Leopold “Leo” Bloom, a nervous young accountant prone to hysterics, arrives at Max’s office to audit his accounts and discovers a $2,000 discrepancy in the accounts of Max’s last play. Max persuades Leo to hide the fraud, and Leo realizes that, since a flop is expected to lose money, the IRS will not investigate its finances, so a producer could earn more from a flop than from a hit by overselling interests and embezzling the funds.’ Wikipedia.
In search of a perfect flop, Max and Leo find the ideal play to execute their cunning plan, ‘Springtime for Hitler.’
‘Max sells 25,000% of the play to investors...To guarantee the show’s failure, they hire Roger De Bris, a flamboyantly gay transvestite director, whose productions seldom make it past initial rehearsals.’ Wikipedia.
Mulling over how the 2024 election was conducted and won by Trump and Vance, the thought occurred to me that perhaps it was masterminded by Mel Brooks. Here was an opportunity to produce something unique, art imitating life imitating art.
Trump is Max and Vance is Leo. One night in July 2024, Max invites Leo to Mar Milagro to discuss the upcoming election. Sensing that after the events of J6 2020 there was very little chance of Max or his party winning the next election, the two chumfucks settle down to watch a movie on the Turner Classic Movie channel, The Producers, which gives them the big idea.

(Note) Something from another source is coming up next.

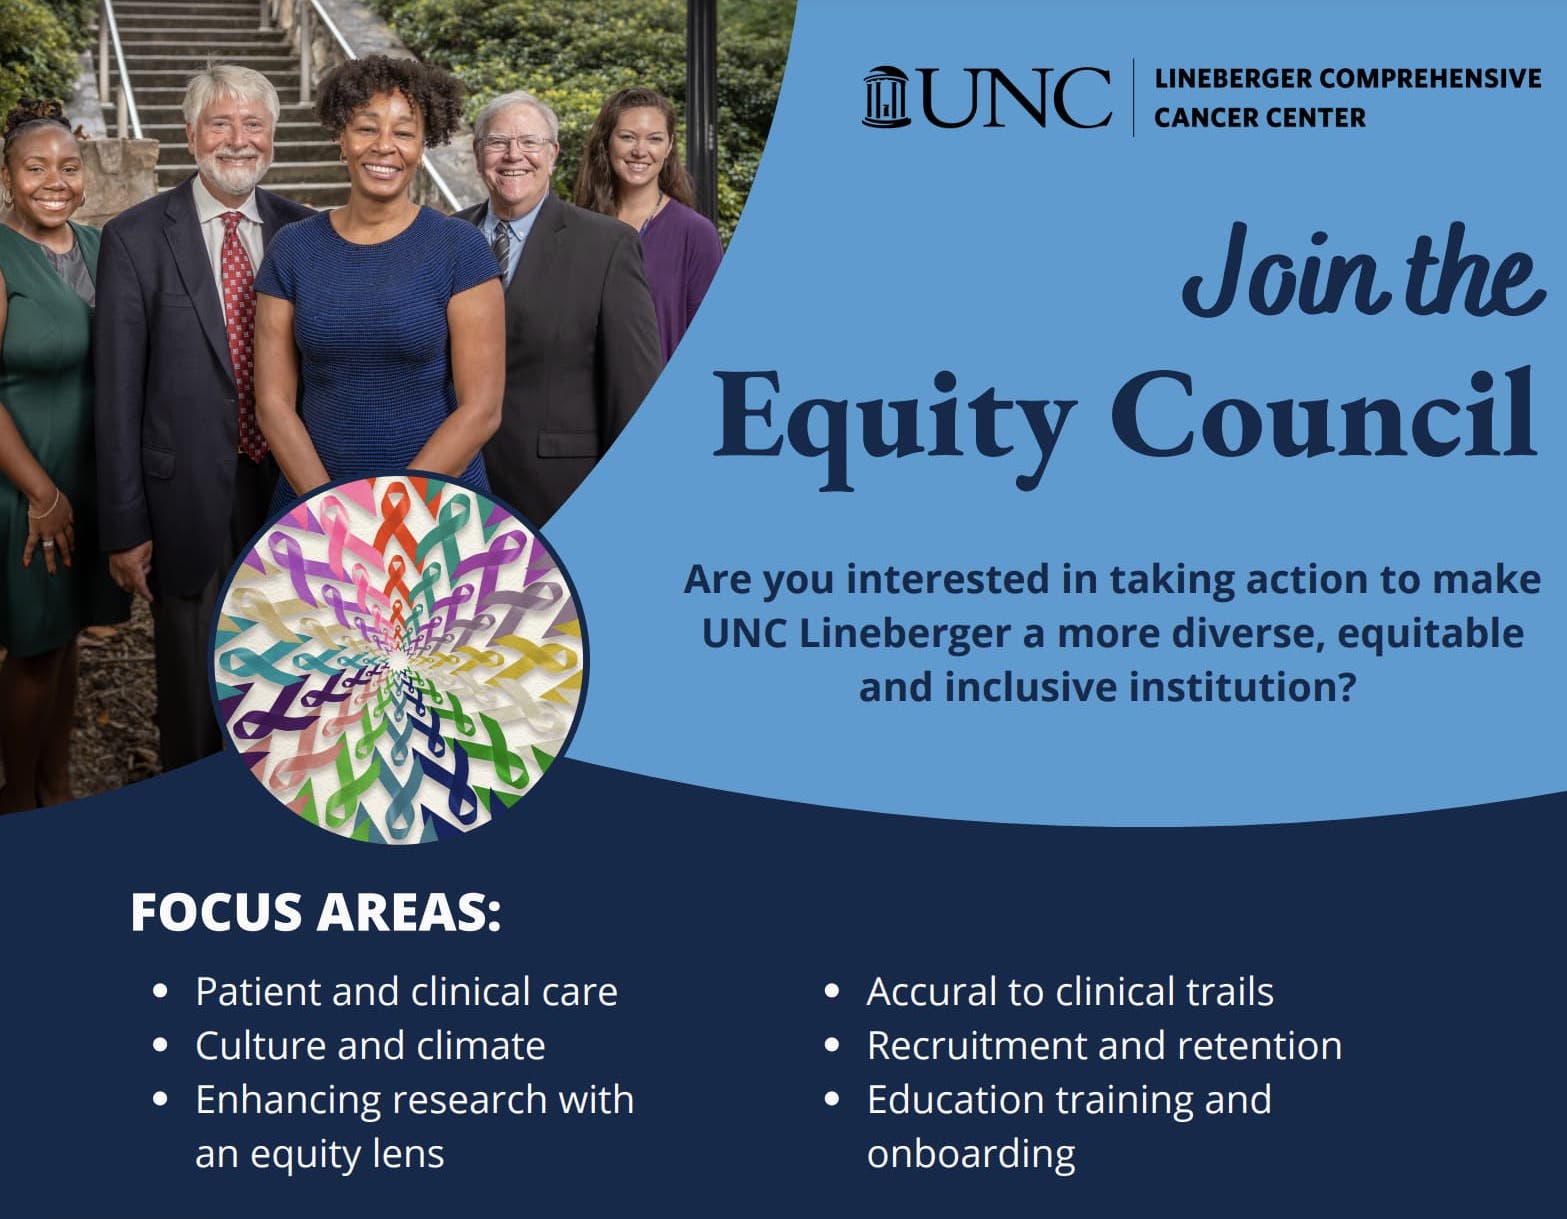 Join the Equity Council. Are you interested in taking action to make UNC Lineberger a more diverse, equitable and inclusive institution?

They decide to garner big donations from billionaires with the promise of billion-dollar government contracts once they get into power. However, the big idea all along was to fail to win the election and head for the hills with the donations. All they had to do was double down on their unsuitability as candidates and it was as good as in the bag.
During the ensuing campaign, Max, a repulsive ‘six-times bankrupt, alleged rapist, 34-times convicted insurrectionist felon, so-called ‘racist, sexist, and misogynistic bigot,’ piles on the disagreeable behaviour to the point of absurdity. In a televised debate with Candy, his female opponent, there is a moment of high drama when stung by her negatively commenting on his rallies, Max becomes enraged.

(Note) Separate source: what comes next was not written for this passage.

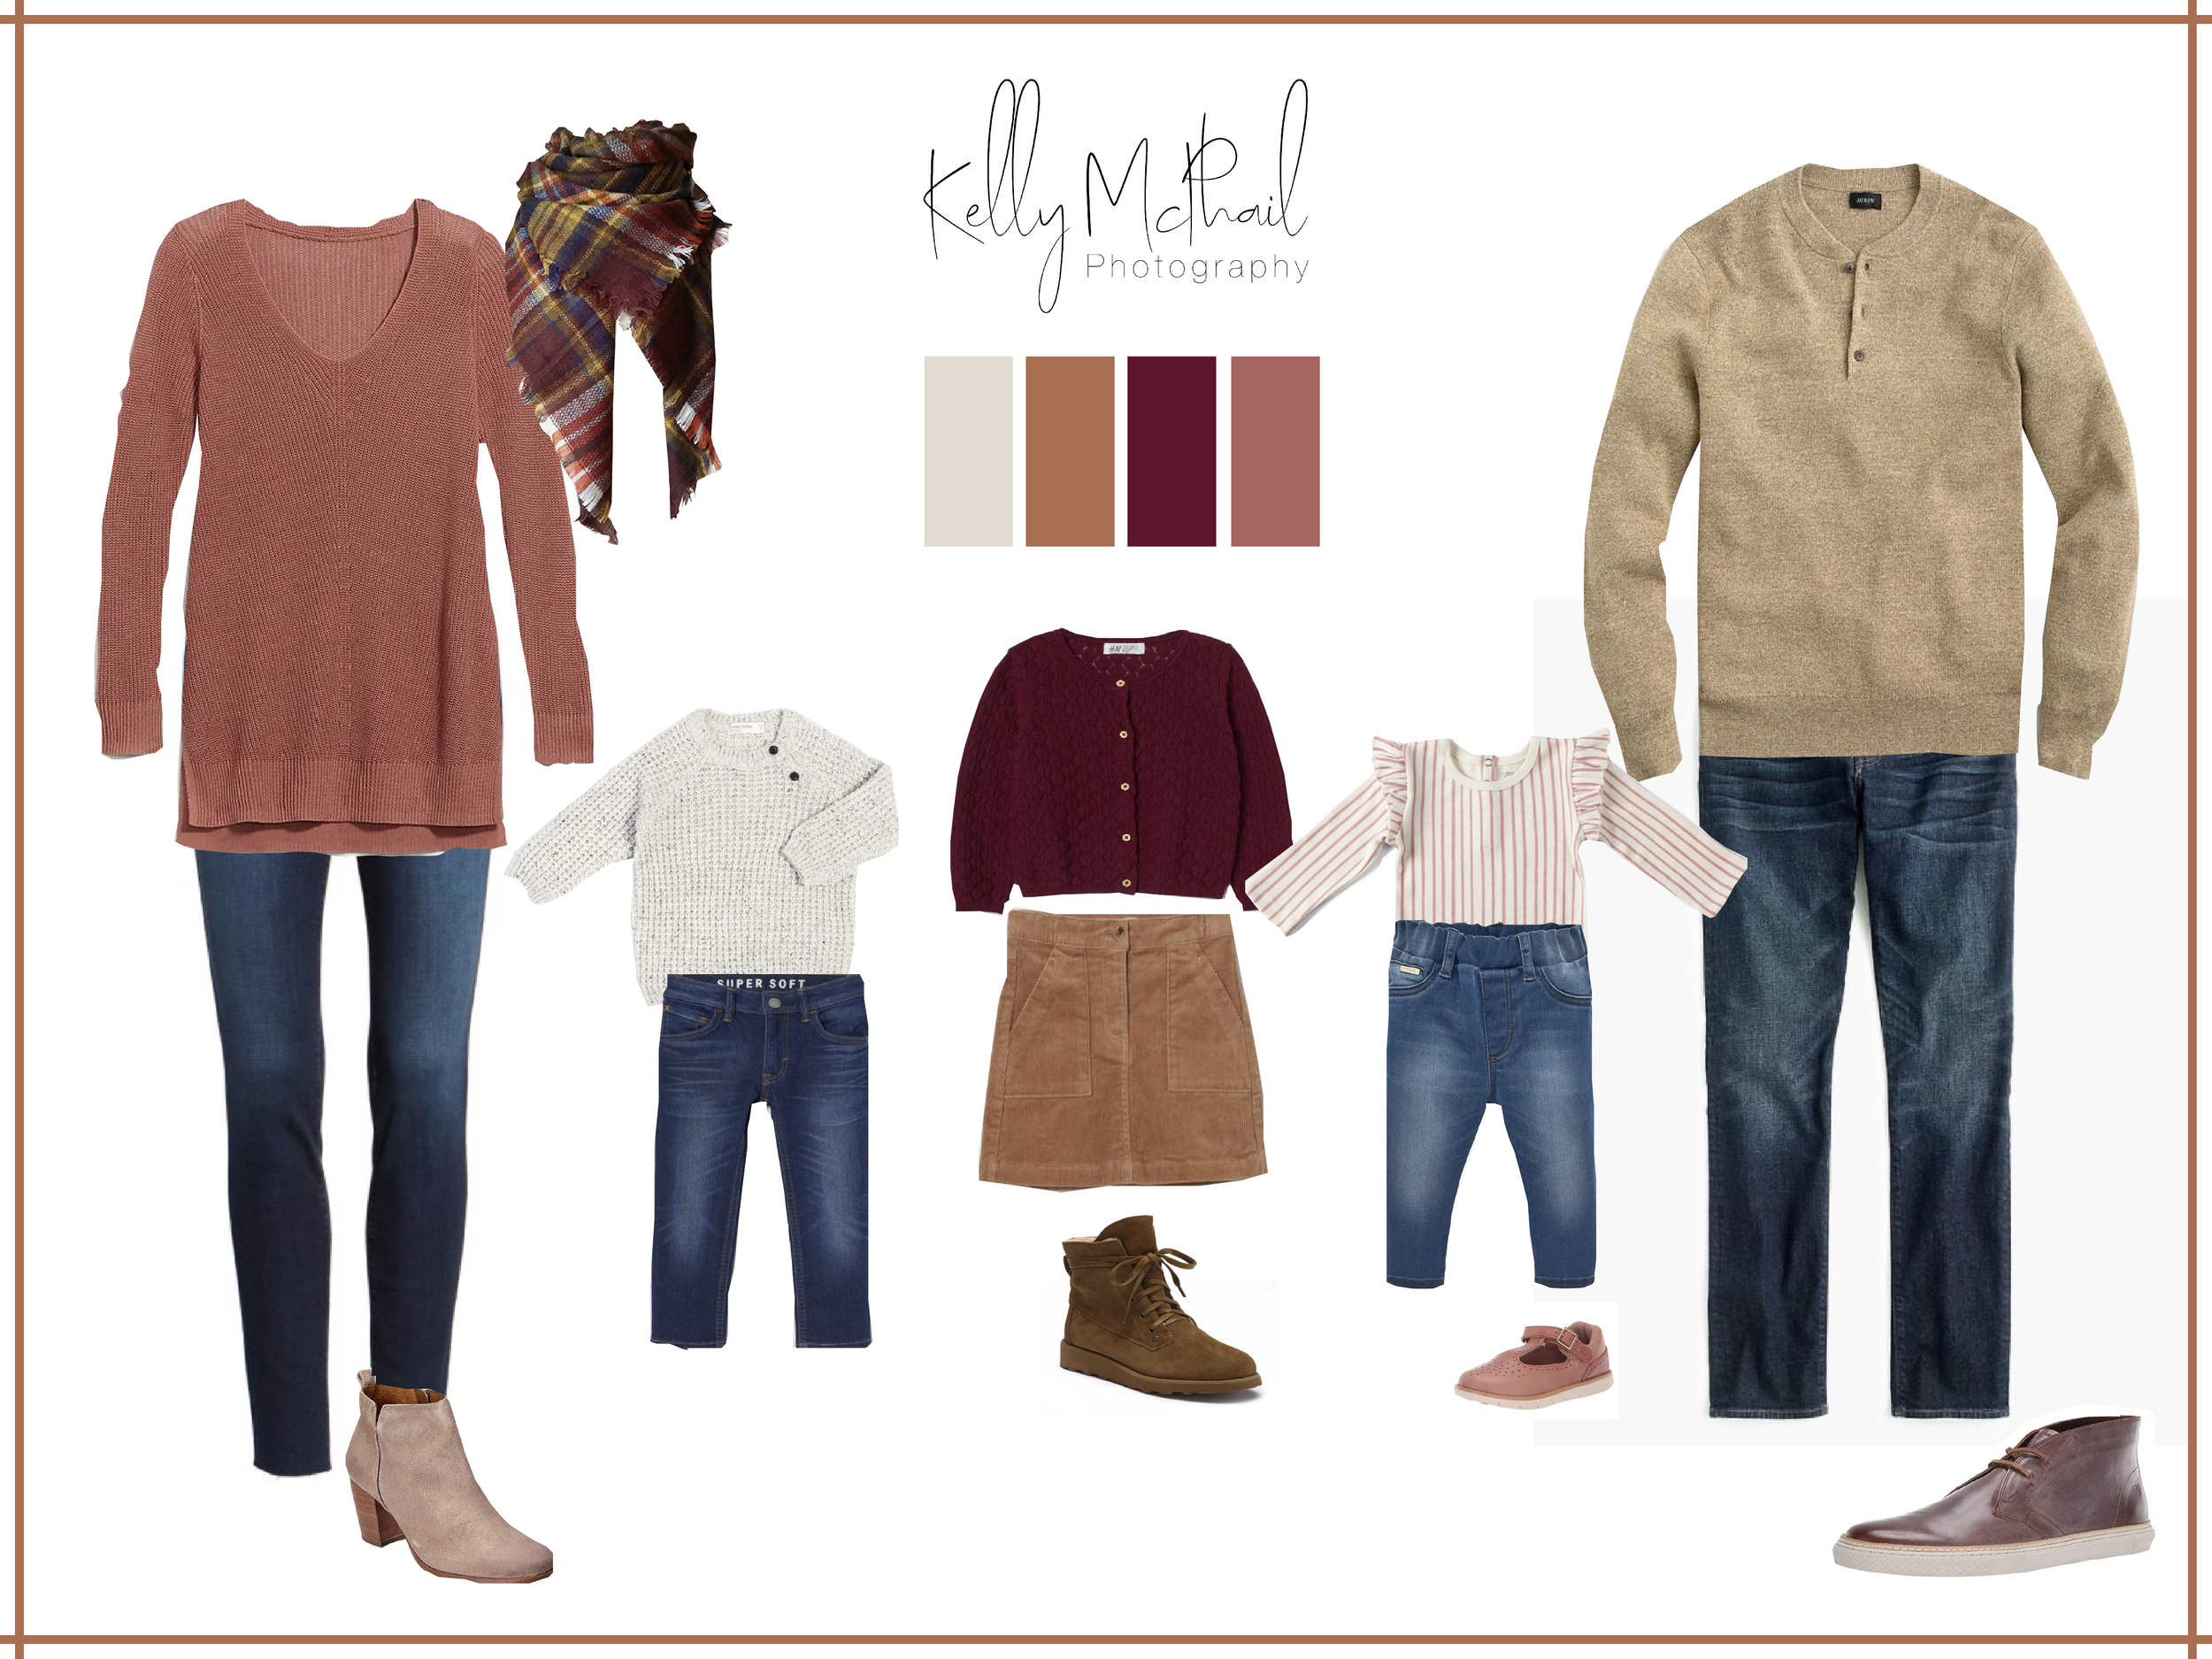 Summer/fall family outfit ideas for family photoshoot with browns, gold, navy blue, and tans.

Like some demented granddad in a retirement home cum mental institute, weaving between moments of clarity and total and utter apparent madness, Max blurts out “They’re eating the dogs! They’re eating the cats!” All Candy can do is look on with an expression of ‘What The Fuck!’ However, rather than a sign of madness, Max’s outrageous comments were intentionally designed to wrongfoot Candy and her attack on his popularity.

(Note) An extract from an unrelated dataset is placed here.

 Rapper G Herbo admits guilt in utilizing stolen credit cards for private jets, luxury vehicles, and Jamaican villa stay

Other elements of the election campaign also make for yet more high drama. Two apparent, thankfully failed, assassination attempts, plus worrying undercurrents of fascism and foreign interference. When you add it all up, you could be forgiven for believing that since Candy runs an apparently impeccable campaign, it’s a slam dunk for her party and jail for Max and Leo.
In real life, what really happened was that against the odds, Trump and his running mate Vance won, hands down. And that my friends has left not only half of America but also half of the planet scratching their heads, muttering very publicly “What the fuck,” indeed.
The puzzlement is not born of a preference for one party over another, it is simply how one side can perform so badly with a bad actor and yet still win the game, stealing victory from a side that played a blinder. How can somebody of such questionable character win and one of the most decent politicians in modern times lose?
If Mel Brooks is still in the game, even at ninety-eight years old, this idea for a film could become a box office hit. As for what comes next in real life, who knows?
Maybe a lot of what Trump said he was going to do was just rhetorical bluster, designed to appeal to his target audience, pandering to their prejudices just to get elected, with no intention of doing even half of what he said. Besides, there are checks and balances in a government with a strong opposition on the other side, as well as some pretty smart people on his own side. Let’s just hope for the best, that is all we can do.